2008 Fiscal Year Annual Research Report
トキシコゲノミクスを基盤とした新規生体防御因子の探索
Project/Area Number |
19659030
|
Research Institution | Showa University |
Principal Investigator |
吉田 武美 Showa University, 薬学部, 教授 (20138415)
|
Co-Investigator(Kenkyū-buntansha) |
貝崎 明日香 昭和大学, 薬学部, 助教 (70407443)
芦野 隆 昭和大学, 薬学部, 助教 (00338534)
|
Keywords | Nrf2 / シトクロムP450 / ヘムオキシゲナーゼー1 / トキシコゲノミクス / 5-フルオロウラシル / カドミウム / 誘導型-酸化窒素合成酵素 |
Research Abstract |
昨年度に続いて、各種薬物による酸化ストレス関連研究と新規指標探索を目指した研究を進めた。

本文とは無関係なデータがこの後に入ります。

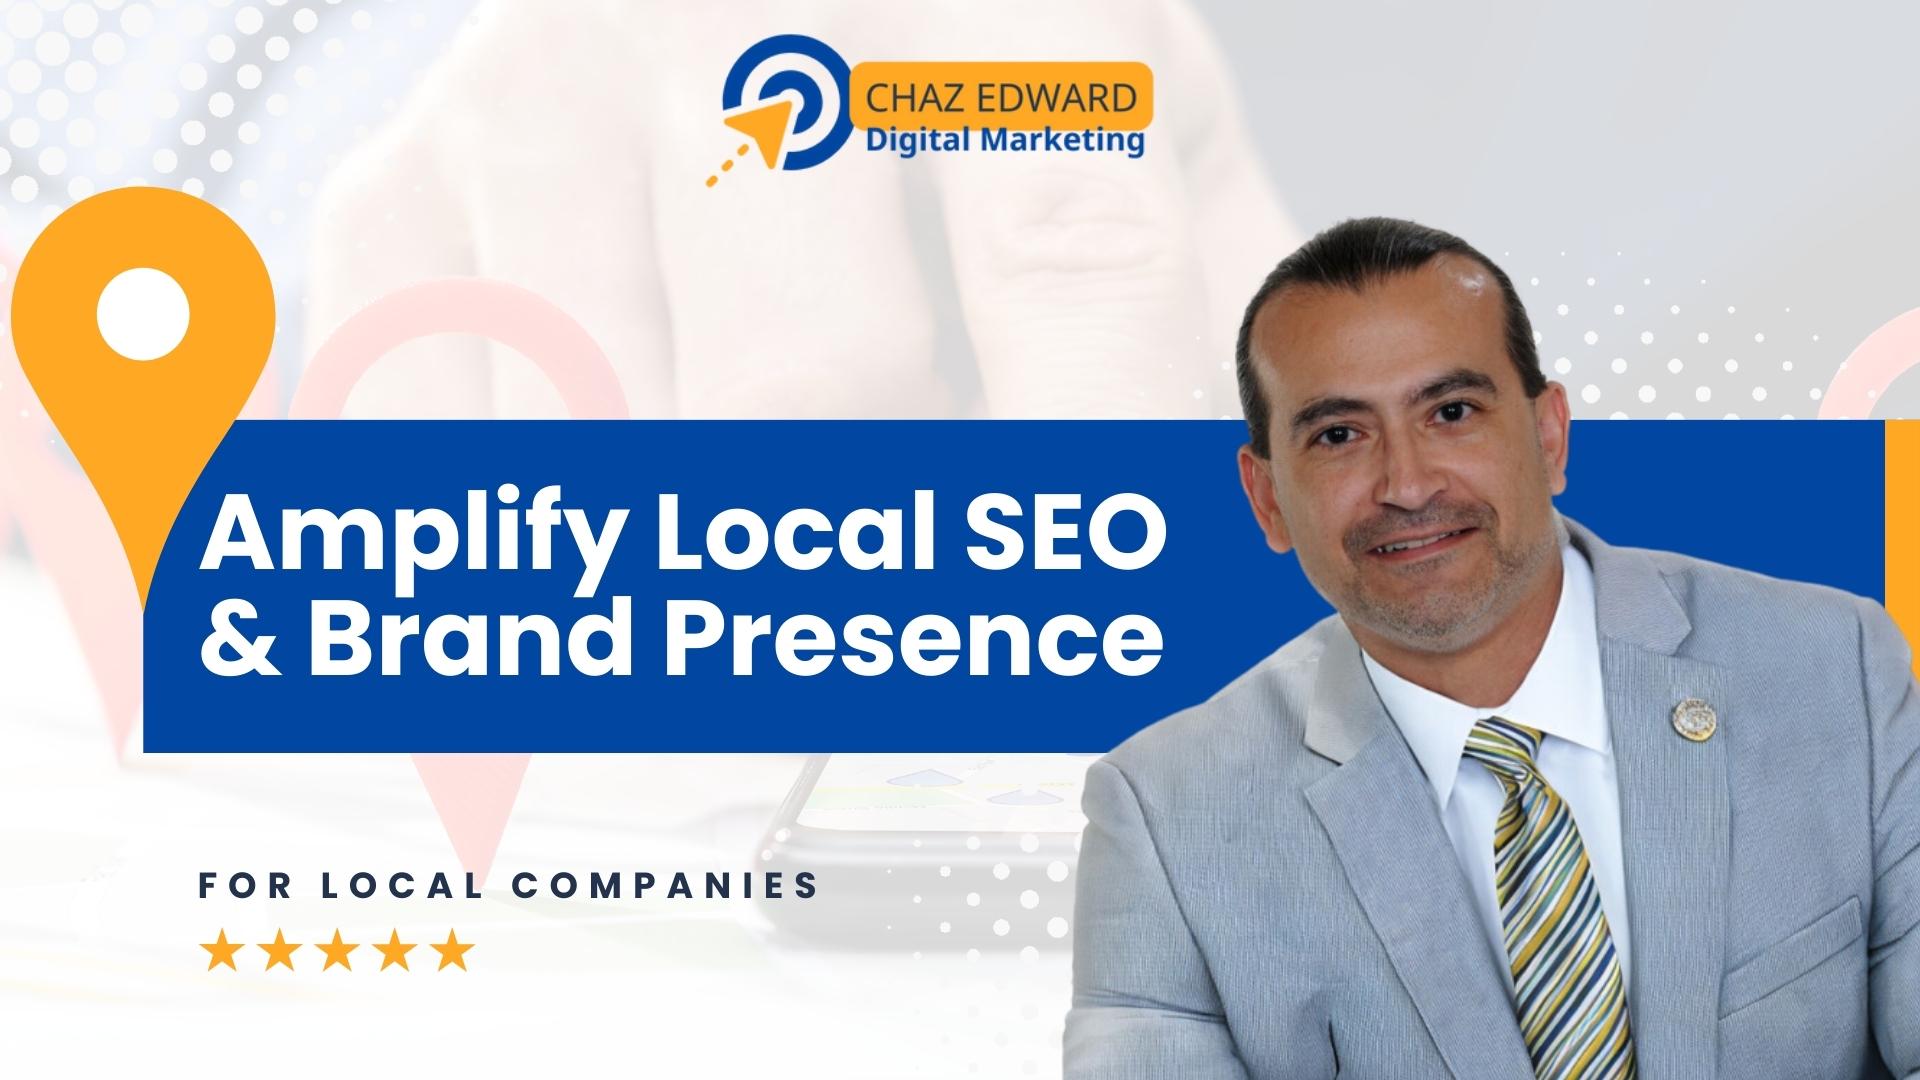 Chaz Edward Local Marketing Launches AI-Powered Amplify Local SEO Service

Nrf2KOマウス由来のマクロファージにおけるリポポリサッカライドによるヘムオキシゲナーゼー1(HO-1)と誘導型-酸化窒素合成酵素(iNOS)の誘導において、経時的な時間差があり、後者が先に誘導され、前者が遅れることを明らかにした。HO-1の誘導剤や阻害剤等を種々用いた結果、前者お誘導に伴い、後者が誘導され、後者は更に前者の誘導を阻害するという誘導型酵素の相互調節が存在することを初めて明らかにした。また、カドミウムがHO-1とともに、CYP2A5を誘導することを明らかにし、Nrf2KOマウスにおいては誘導が認められないことから、本P450酵素誘導は、Nrf2依存性であることを明らかにした。また、膵臓β細胞が酸化ストレスに脆弱であることを明らかにし、システインによる防御効果を詳細な検討を加え、その有用性を示すとともに、糖尿病と関連する新たな観点からの機構解明への緒を開くことができた。 一方、抗悪性腫瘍薬として汎用されてている5-フルオロウラシルを用いて、各種抗悪性腫瘍薬の標的部位である骨髄毒性に関して、トキシコゲノミクス解析をwildマウスやNrf2KOマウスで行い、HO-はじめ多くの遺伝子の変動が明らかになり、特に早期にはp53で調節される遺伝子変動が、がん細胞と同様に起きていることが判明した。本件の結果、酸化ストレス関連遺伝子の変動は、かなり遅れて発現していくることも明らかになった。本結果は、抗悪性腫瘍薬の毒性標的となる骨髄の防御方法への方向性を一定程度示唆するものである。